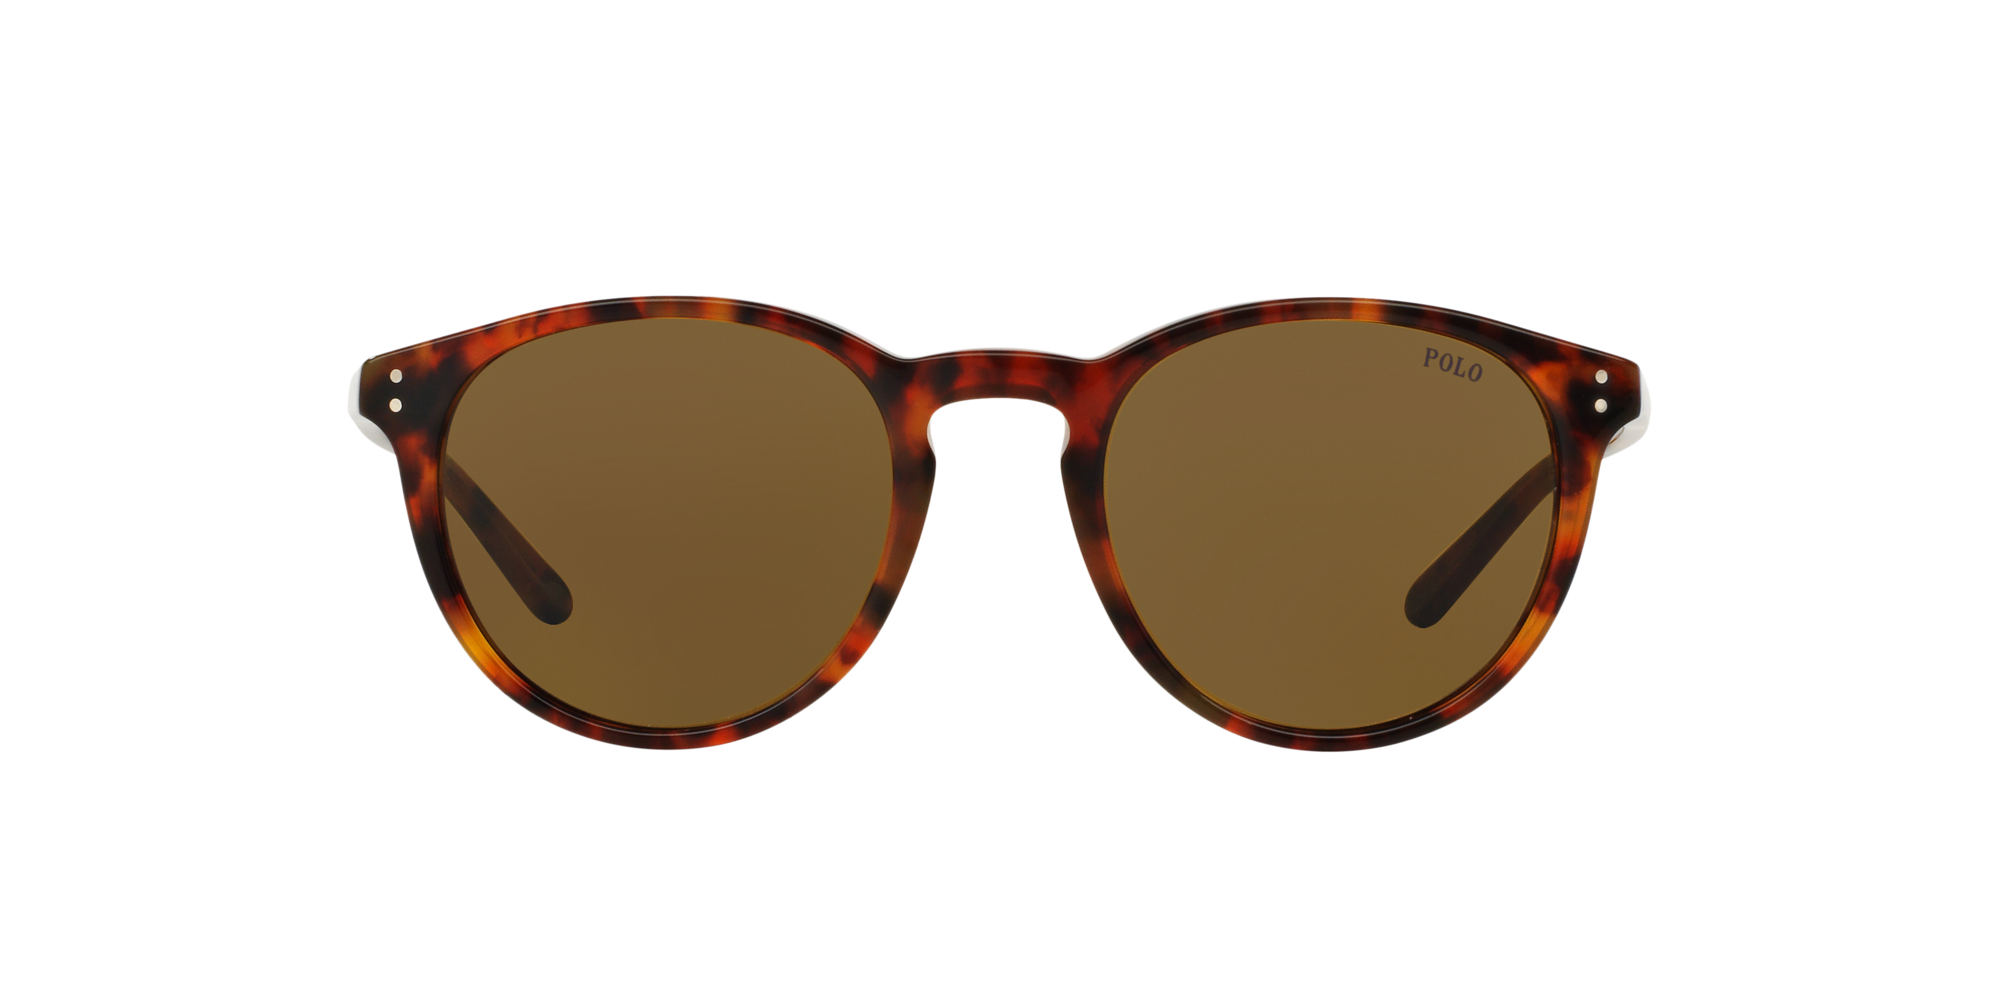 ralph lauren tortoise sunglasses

-=-=-=-=-

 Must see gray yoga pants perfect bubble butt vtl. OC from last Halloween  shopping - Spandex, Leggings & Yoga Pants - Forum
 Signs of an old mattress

-=-=-=-=-

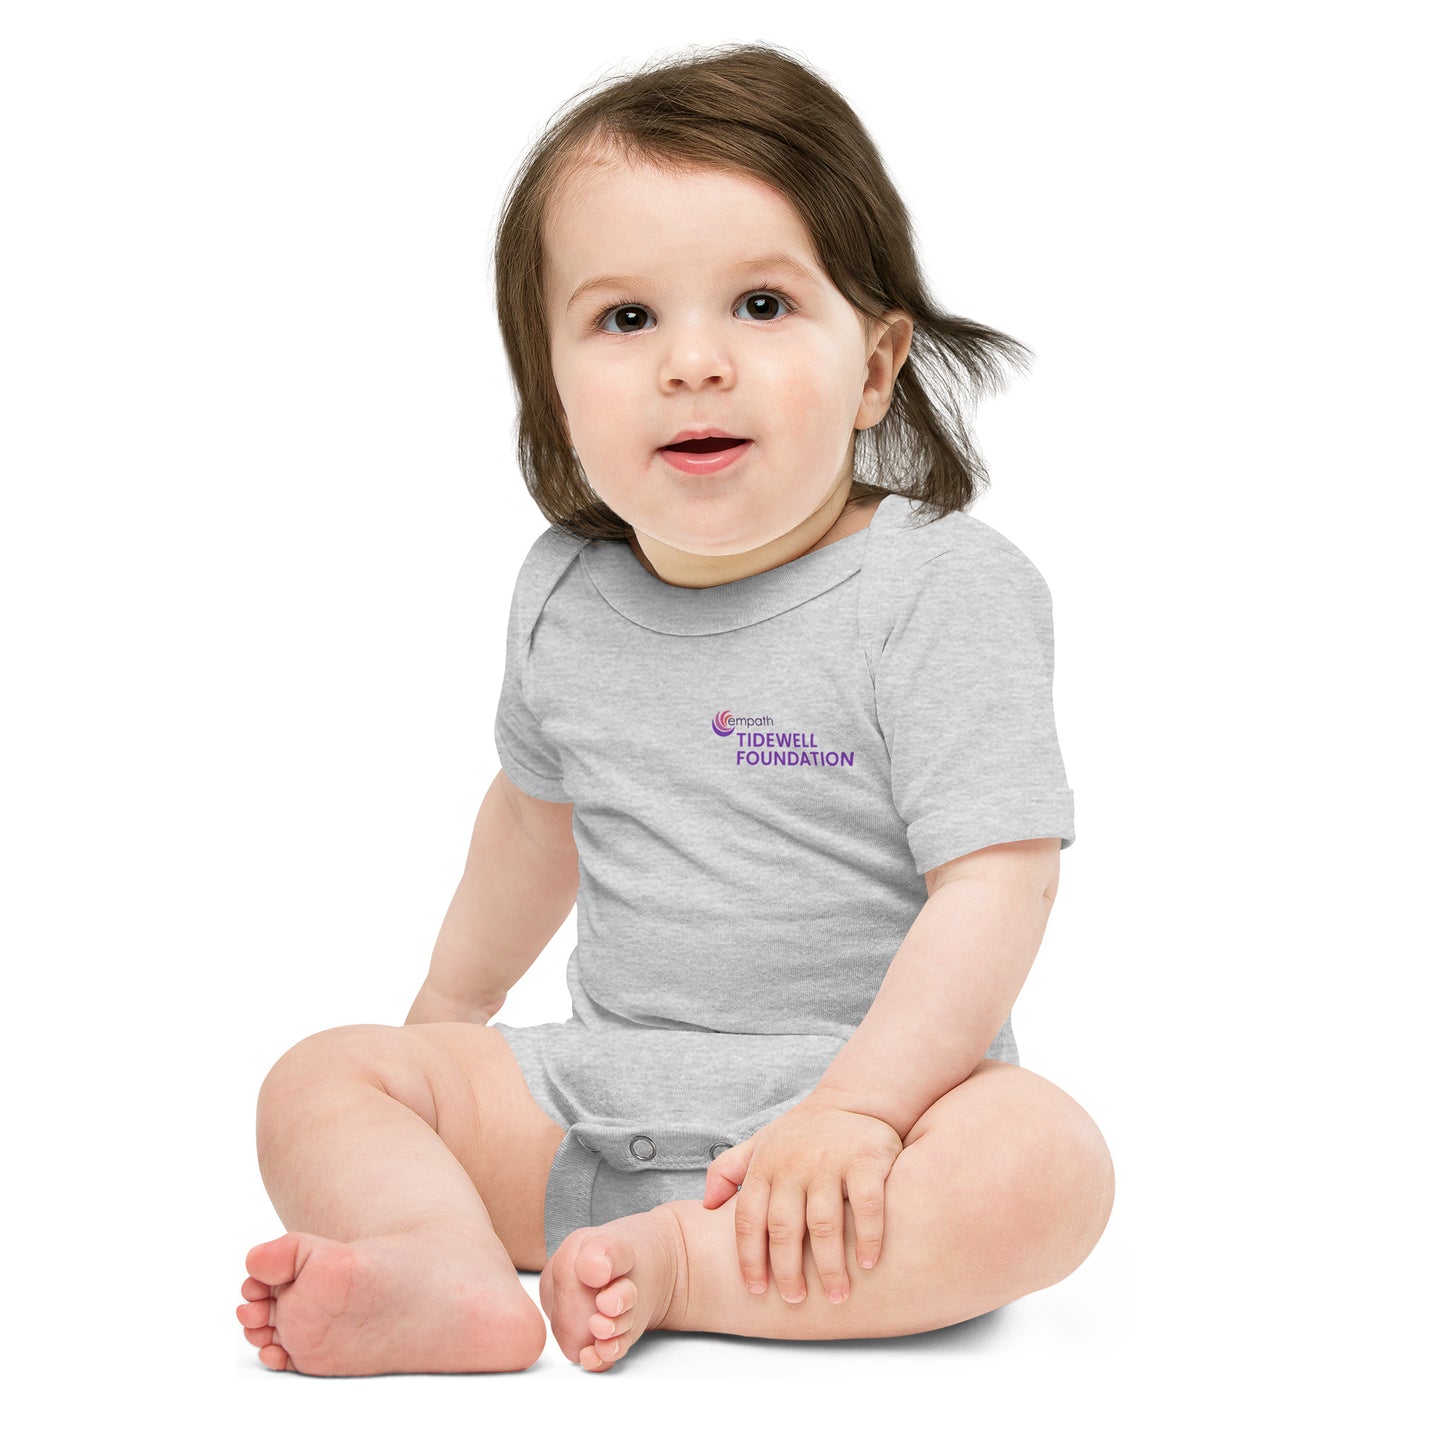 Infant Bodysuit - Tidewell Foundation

-=-=-=-=-

Work to complete: From the records above, quote only the lines running from the line with "Must see gray" to the line with "Signs of an old mattress", both lines included.

Result below:
 Must see gray yoga pants perfect bubble butt vtl. OC from last Halloween  shopping - Spandex, Leggings & Yoga Pants - Forum
 Signs of an old mattress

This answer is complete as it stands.